*What is needed*: This exercise asks for an exact copy of the lines from the one containing "Sacred Sands Joshua" through the final line of the material, with pictures omitted.

*Exercise data*:

%%

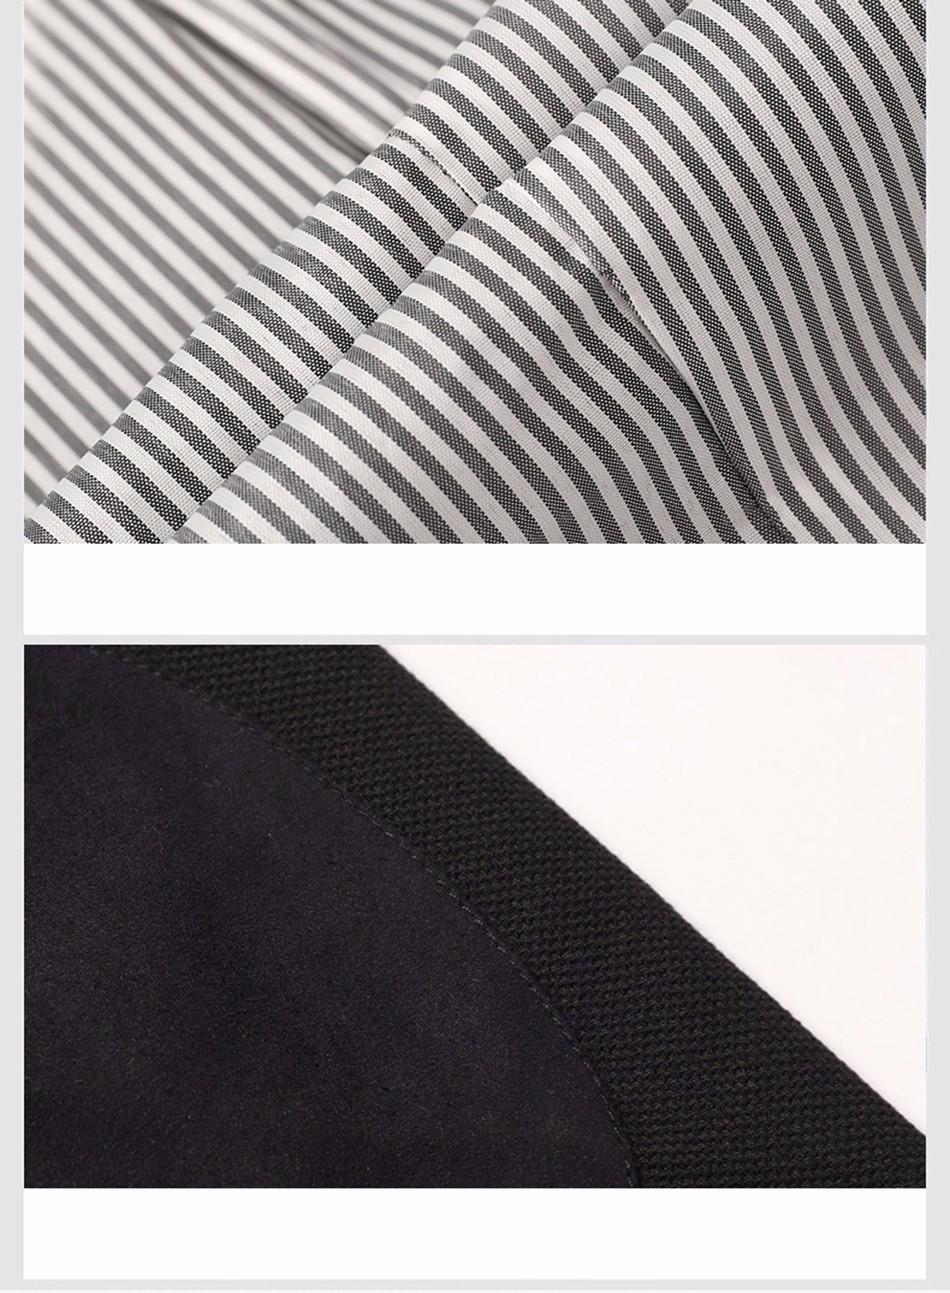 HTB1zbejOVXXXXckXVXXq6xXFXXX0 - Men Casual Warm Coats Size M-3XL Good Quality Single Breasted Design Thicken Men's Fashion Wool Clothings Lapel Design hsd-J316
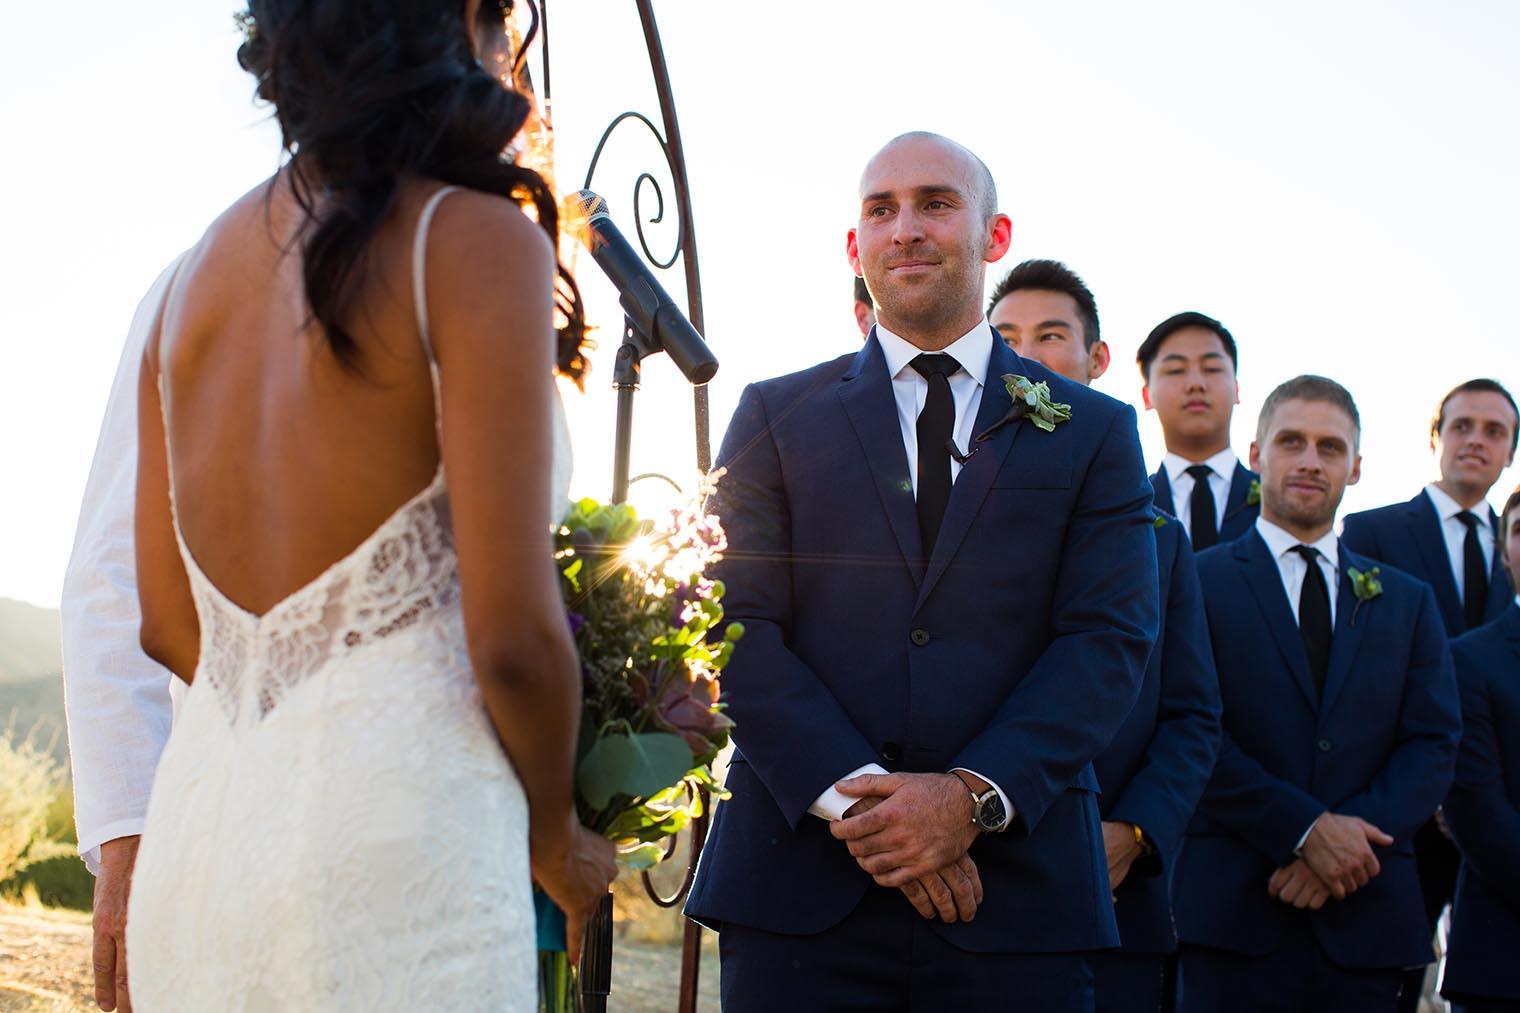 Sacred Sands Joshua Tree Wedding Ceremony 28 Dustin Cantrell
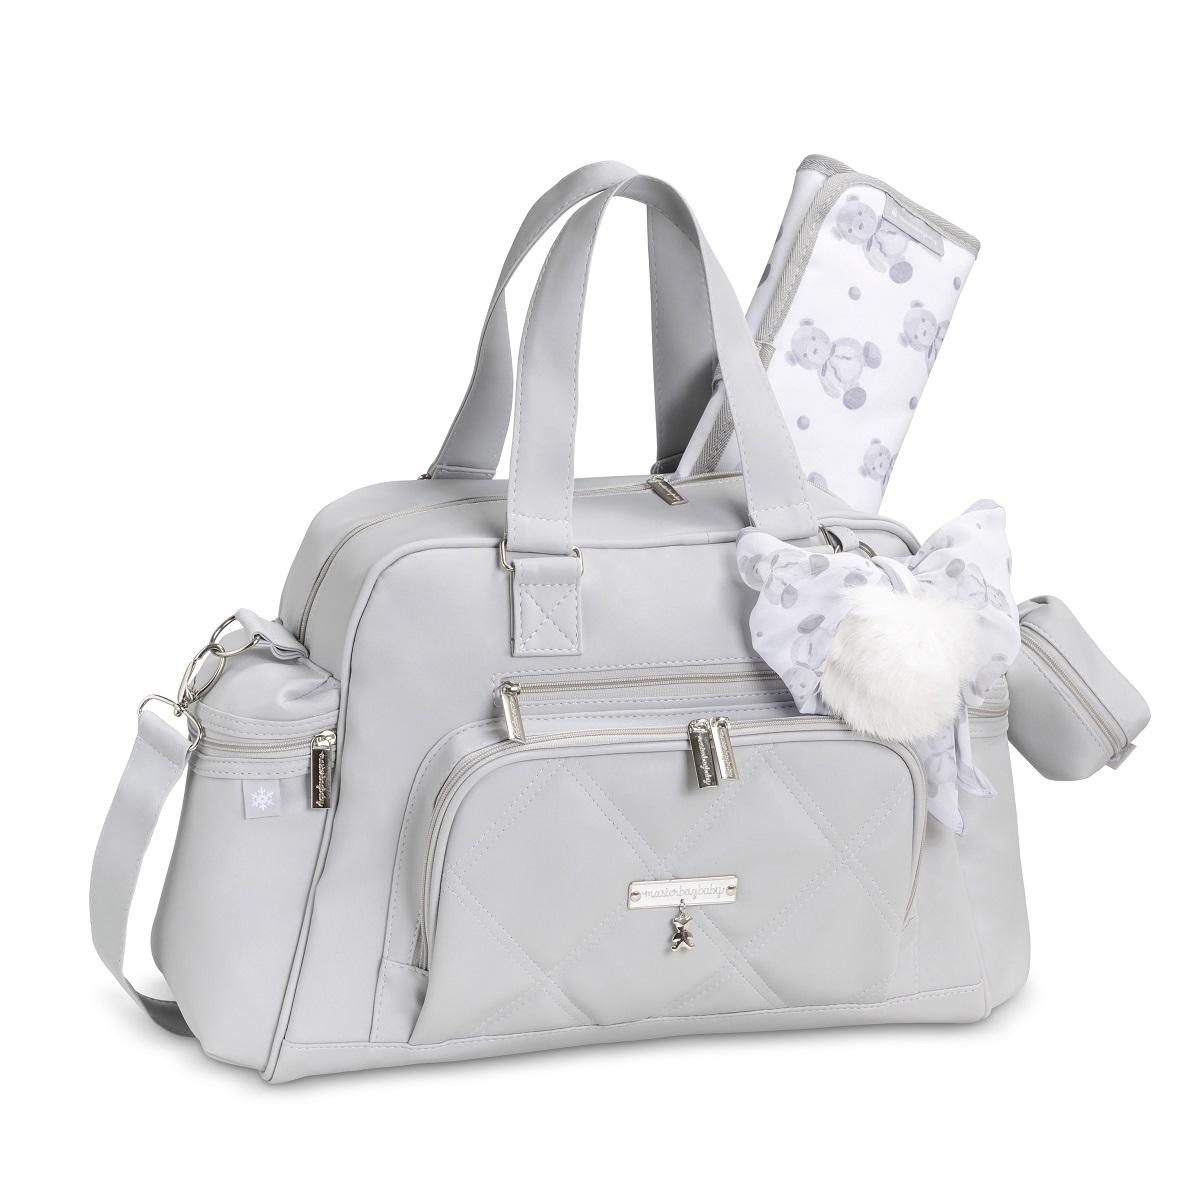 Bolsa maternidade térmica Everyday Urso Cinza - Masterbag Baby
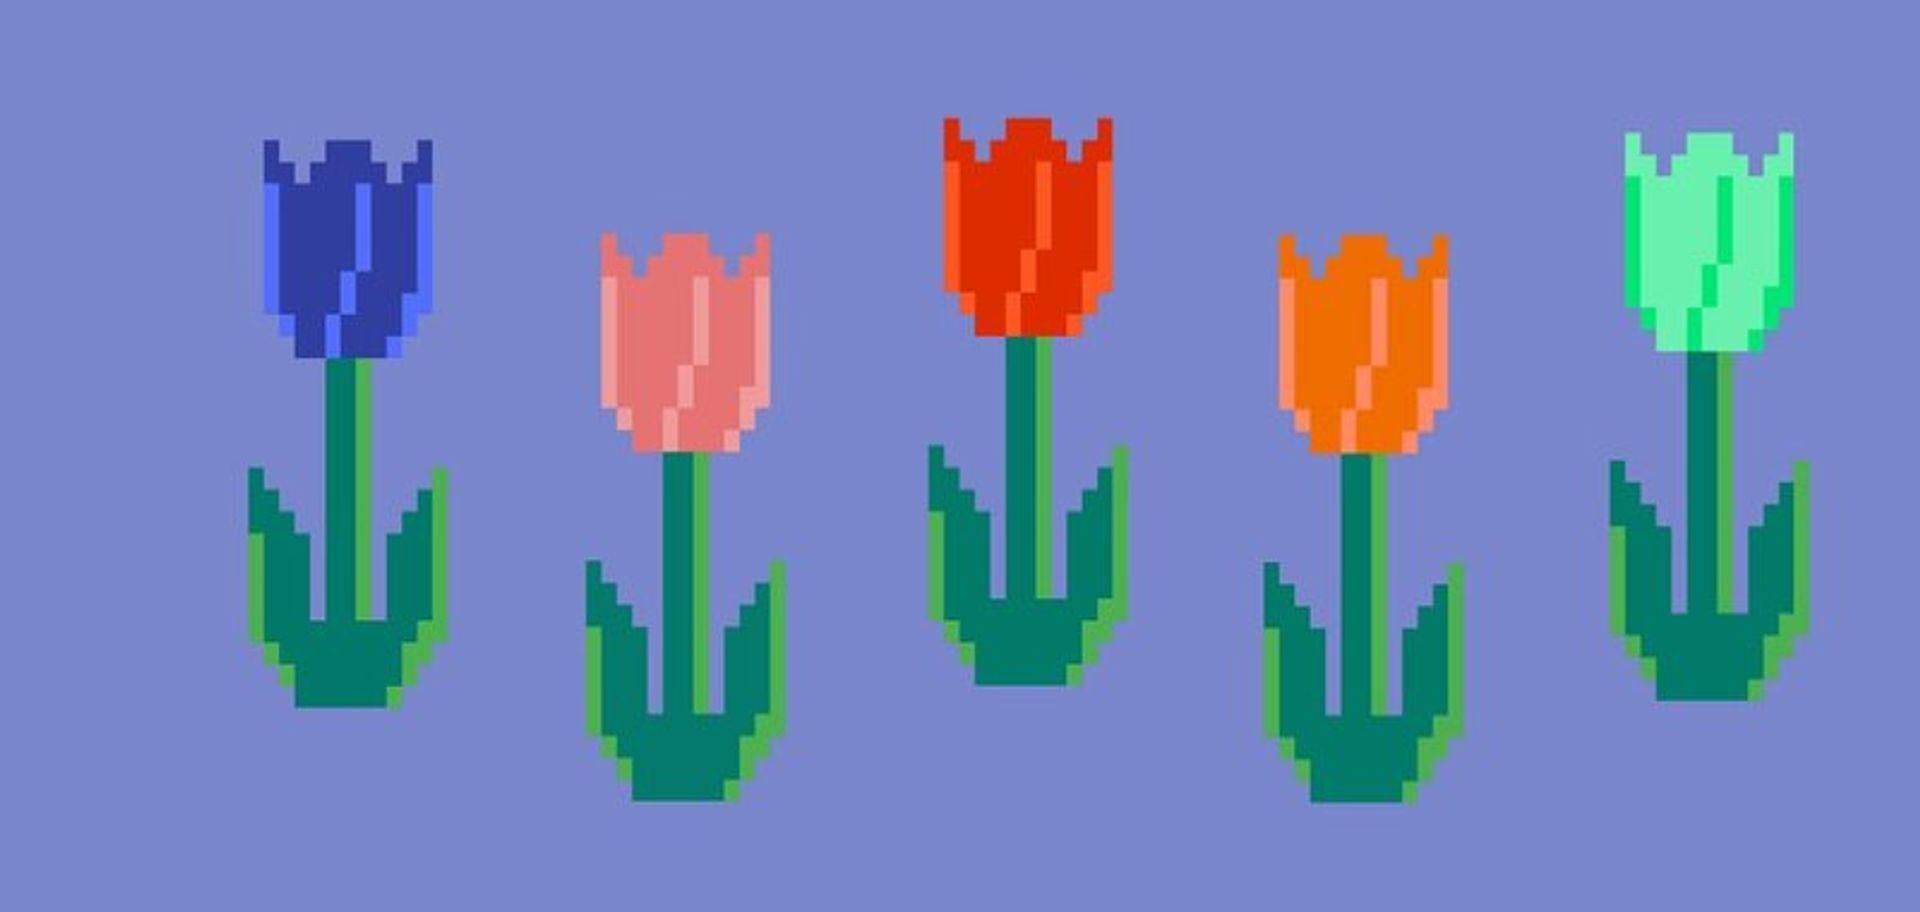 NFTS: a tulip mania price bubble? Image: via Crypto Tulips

%%

*Written answer*:
 Sacred Sands Joshua Tree Wedding Ceremony 28 Dustin Cantrell
 Bolsa maternidade térmica Everyday Urso Cinza - Masterbag Baby
 NFTS: a tulip mania price bubble? Image: via Crypto Tulips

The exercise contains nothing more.